Warburton, who spent his entire professional career with Cardiff Blues, making his debut for his hometown region in April 2009 and winning his first cap just two months later, will go down in history as the most successful British and Irish Lions captains of all time.
Last year he became only the second man after ex-England lock Martin Johnson to captain the Lions on two tours as he led the touring team to New Zealand, repeating the honour he first undertook in 2013 in Australia.
Under his leadership the Lions claimed a first Test series victory in 16 years when they beat Australia and four years later in 2017 he once again led the Lions as they earned an historic series draw against double defending world champions New Zealand.

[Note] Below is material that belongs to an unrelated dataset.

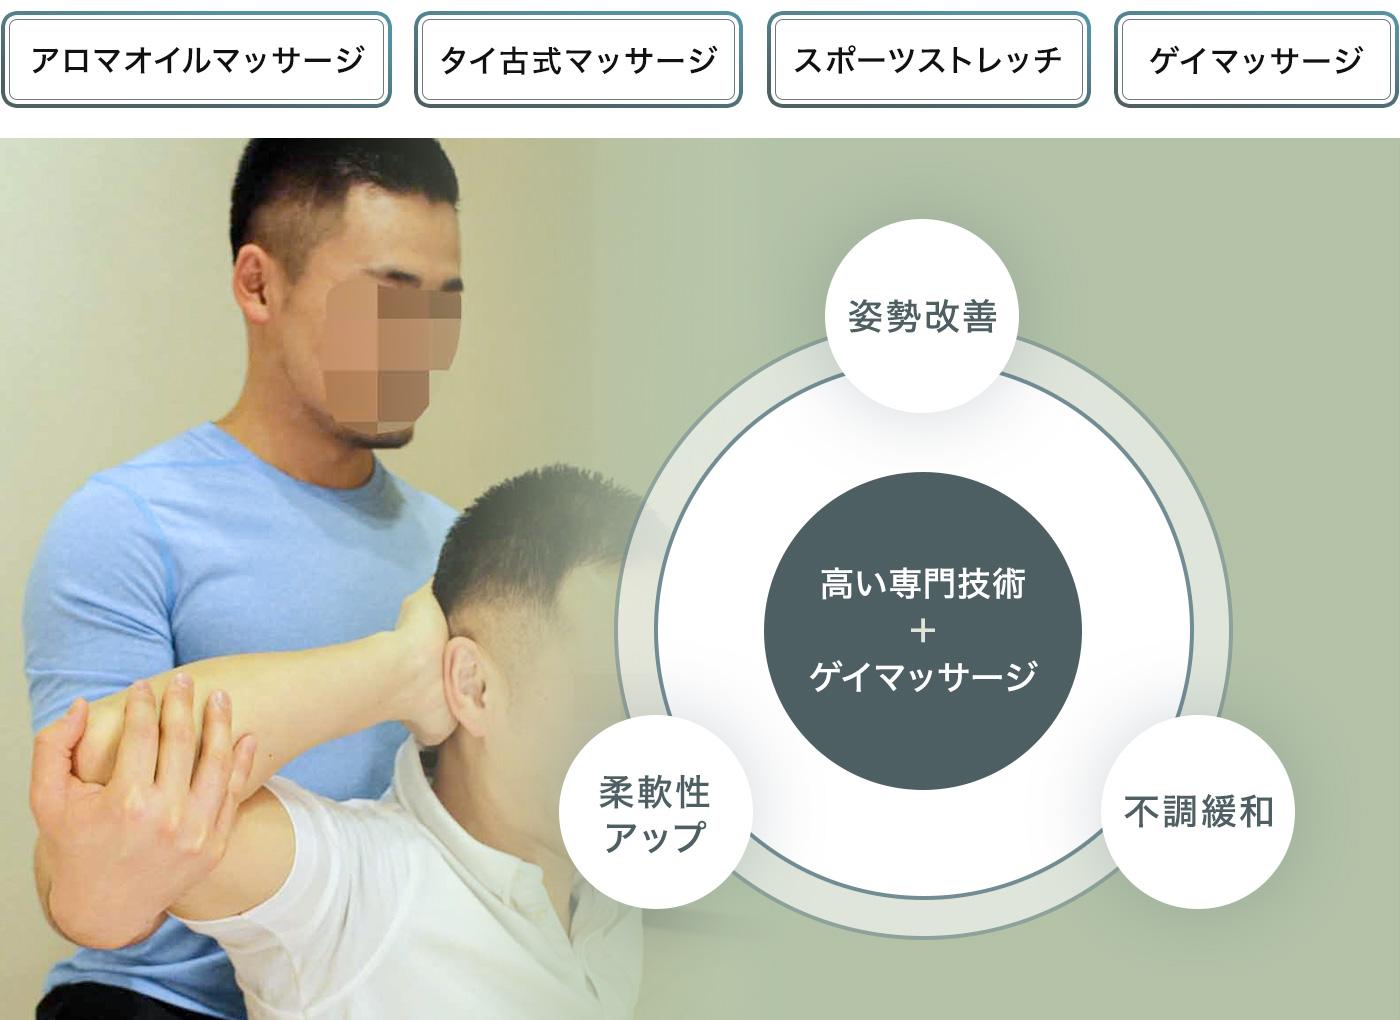 大阪ゲイマッサージ専門店RINはこちら

– ‘Hugely disappointing’ –
Wales coach Gatland, who led the Lions on their last tour to New Zealand, added: “It is hugely disappointing that Sam has retired from the game. He is an outstanding rugby player and he has brought so much to the game on and off the pitch.
“His leadership, attitude and demeanour along with his performances have placed Sam up there as one of the best and most respected players in the world. He finishes with a record that he should be extremely proud of and should look back on his career with huge pride.”
The Welsh Rugby Union and Blues issued a joint statement which said: “Since returning to pre-season with Cardiff Blues, it has become clear to Warburton that he wouldn’t be able to return to the high standards he has set throughout his career and has reluctantly made the decision to retire.”
Real Madrid star Gareth Bale, who attended the same Whitchurch High School in Cardiff as Warburton, was quick to tweet his friend a message of support.
“Congratulations on an incredible career mate. Good luck for everything in the future @samwarburton_#welshlegend,” Bale said.
Wales and Lions legend Gareth Edwards added: “It’s been a shock to everyone, perhaps more for him than anyone else.
“I wasn’t expecting it. Am I surprised? The modern game, it is so physical. The hits their bodies take, I think you may see more and more players retiring earlier as the years go on,” Edwards told the BBC.
“Sam has played the game in one way; he puts his head in these dangerous places, he hasn’t been afraid to play the game physically.
“He’ll be a loss to the Blues because he’s a special player and a special captain but the most important thing is that Sam is happy with his decision and that he walks away from the game with everything ok.”
Cycling star Geraint Thomas, another former Whitchurch pupil who took the lead of the Tour de France on Wednesday, said he was stunned by Warburton’s retirement.
“Someone told me at the start of the stage, I was quite surprised actually,” said the Team Sky rider.
“But he’s had an amazing career, captaining the Lions tours undefeated, done what he’s done with Wales as well. Massive respect to him and I wish him well in whatever he takes on now.”